A further level of remove is created when the task is outsourced to freelancers or other companies. Moreover, layers of admin are added as the manager is required to brief the task, check its quality and then familiarize themselves with its contents. This directly eats into that time earmarked for creativity and strategy.

This renders the manager a less reliable authority on the subject matter, so the ability to carry out the function of delegation effectively decreases further. The gatekeeper’s critical faculties are worn out over time, the standards slip.

In the Marxist sense of alienation, the worker is heavily involved in the process of creation, but ultimately distant from the product and the fruits of their labor.

What we end up with through an over-dependence on task delegation in our industry is the reverse: our account managers are removed from the processes, but accountable for the outputs. They are often, of course, detached from the rewards too.

This particular sense of alienation means that they are often accountable for their work, but not responsible for it. If the work is received positively, the account manager takes less pride — they didn’t do it, after all. If it is received negatively, they feel disillusioned — they didn’t do it, but they have to defend and explain it.

What matters here beyond basic job satisfaction is that the inherent paradoxes within this relationship lower the probability that the work will be of a high standard. This probability decreases the longer the relationship holds.

Undoubtedly, the digital marketing industry is in a perpetual state of re-definition due to the increasing impact of automation. Focusing on the benefits this can bring, it can of course reduce the amount of time spent by skilled employees on ultimately unskilled tasks. It can also supply them with useful information drawn from a wide array of data sources, potentially enabling better decisions.

The realization of these better decisions depends on the ability of the person responsible.

Percipient interpretation of data is a core capability for the digital expert, an honorific only earned after performing the component tasks repeatedly and to a high standard.

We undoubtedly depend on technology to extend our capabilities beyond our own intelligence on a quotidian basis. In fact, ‘extended intelligence’ is the phrase used with increasing frequency among MIT scientists in place of ‘artificial intelligence’, as its connotations are more reflective of the central role people play in this relationship with technology.

For this concept to function, it requires both the human and the mechanical to perform to their strengths. Conflation of these two interrelated, ever-converging, but still distinct arenas is a risk we run when we prize the mechanical within people.

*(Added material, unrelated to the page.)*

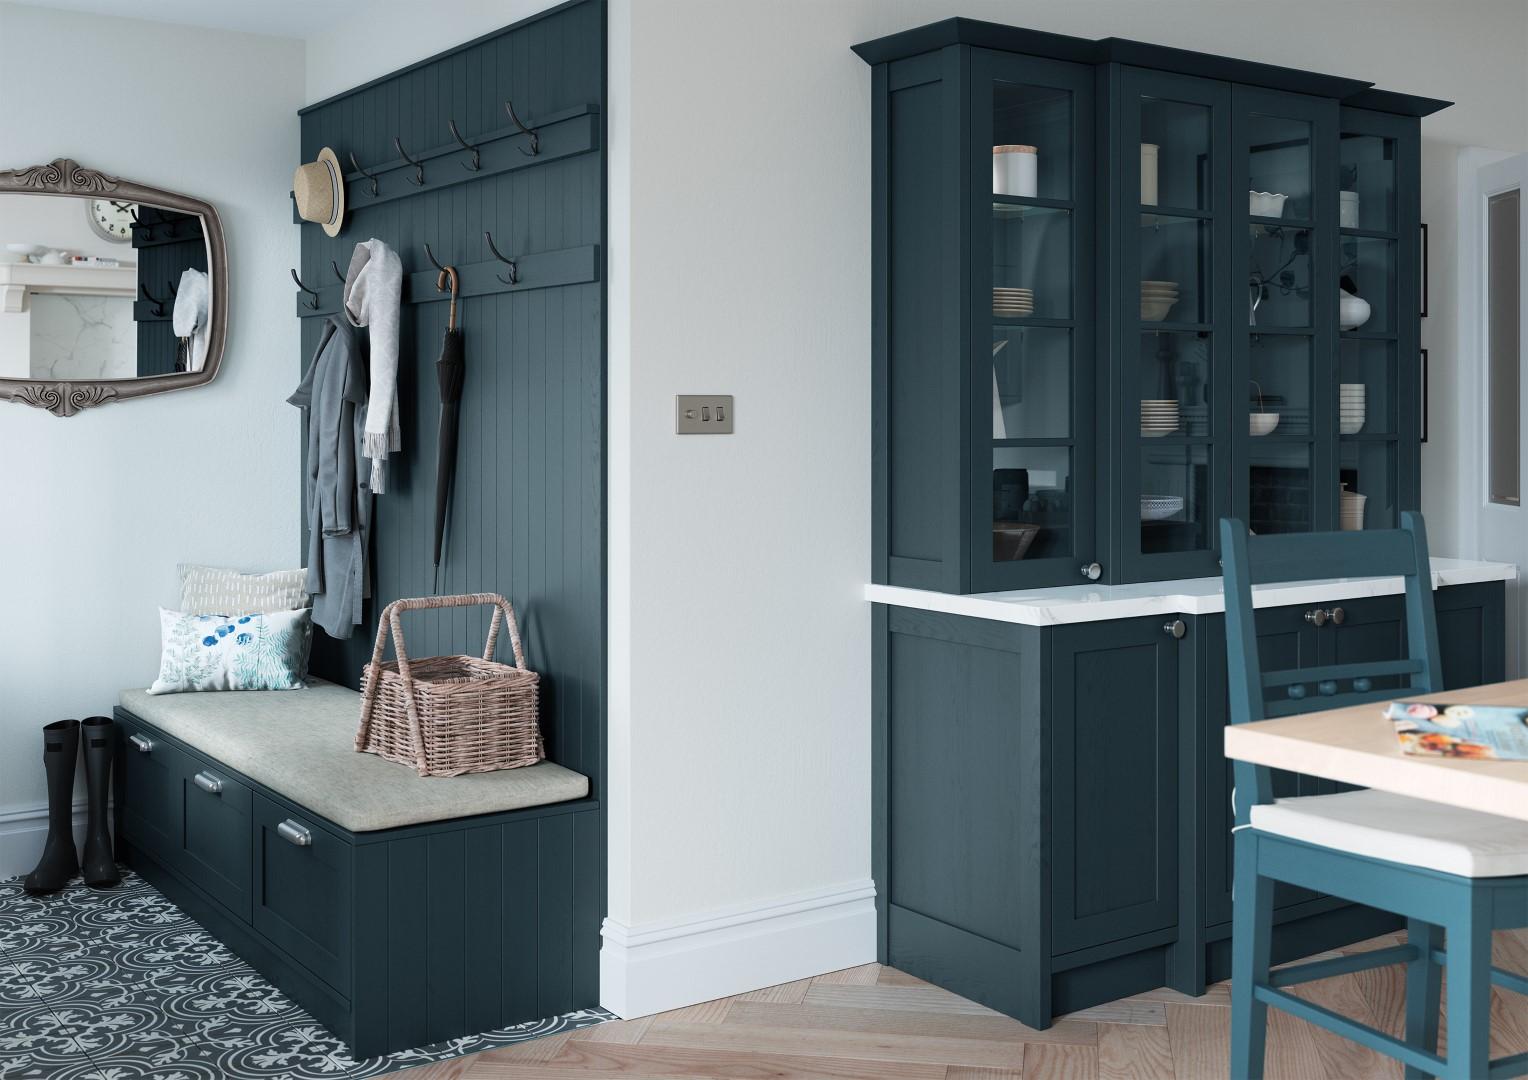 Aldana Stone and Marine - Kitchen Design - Alan Kelly Kitchens - Waterford - 5
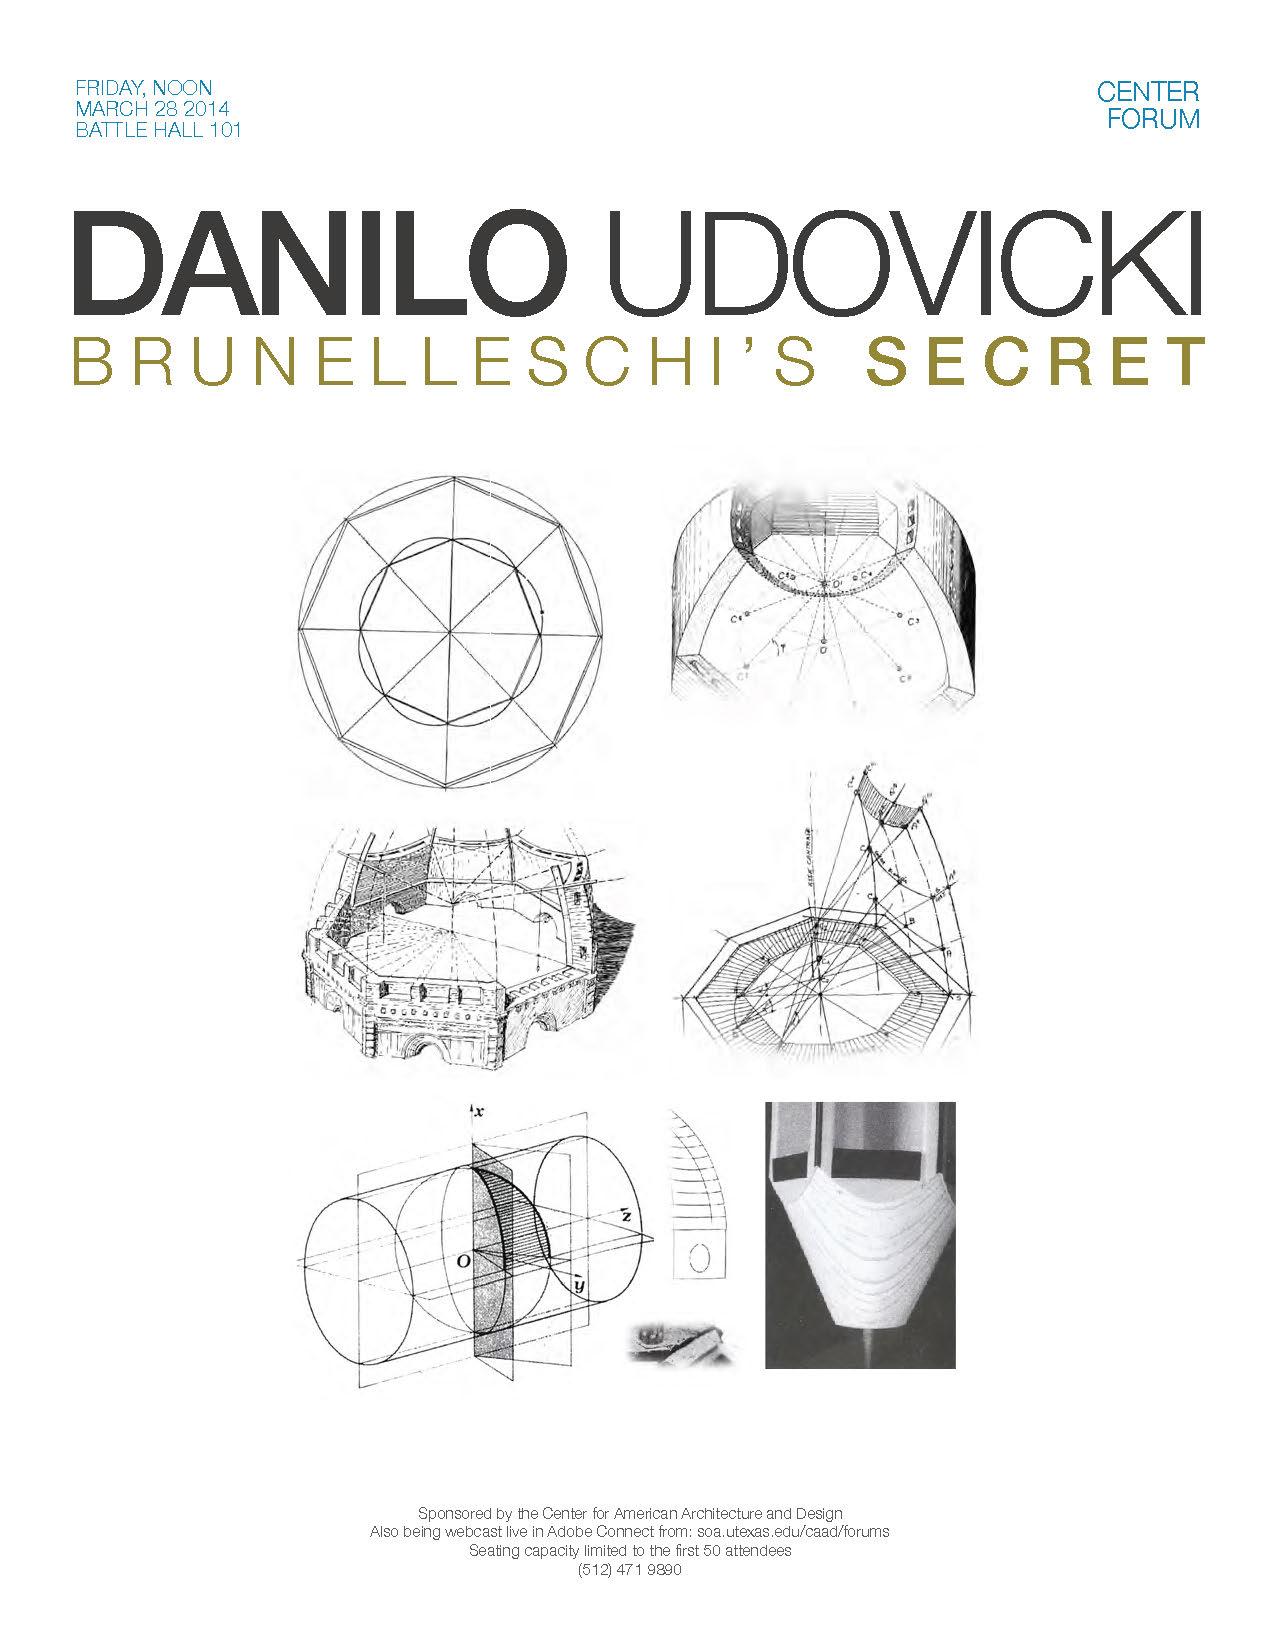 Danilo Udovicki - Brunelleschi's Secret

The deep entrenchment of delegation and automation in our daily practices should therefore be approached judiciously. Their benefits are sometimes evident, but we could render ourselves less capable to avail of them if we do not disentangle the paradoxes resident in this new working relationship.

There is potentially a balance to be struck here, but the economic imperative that drives everything we do points to a less utopian conclusion — with company employees the likely losers.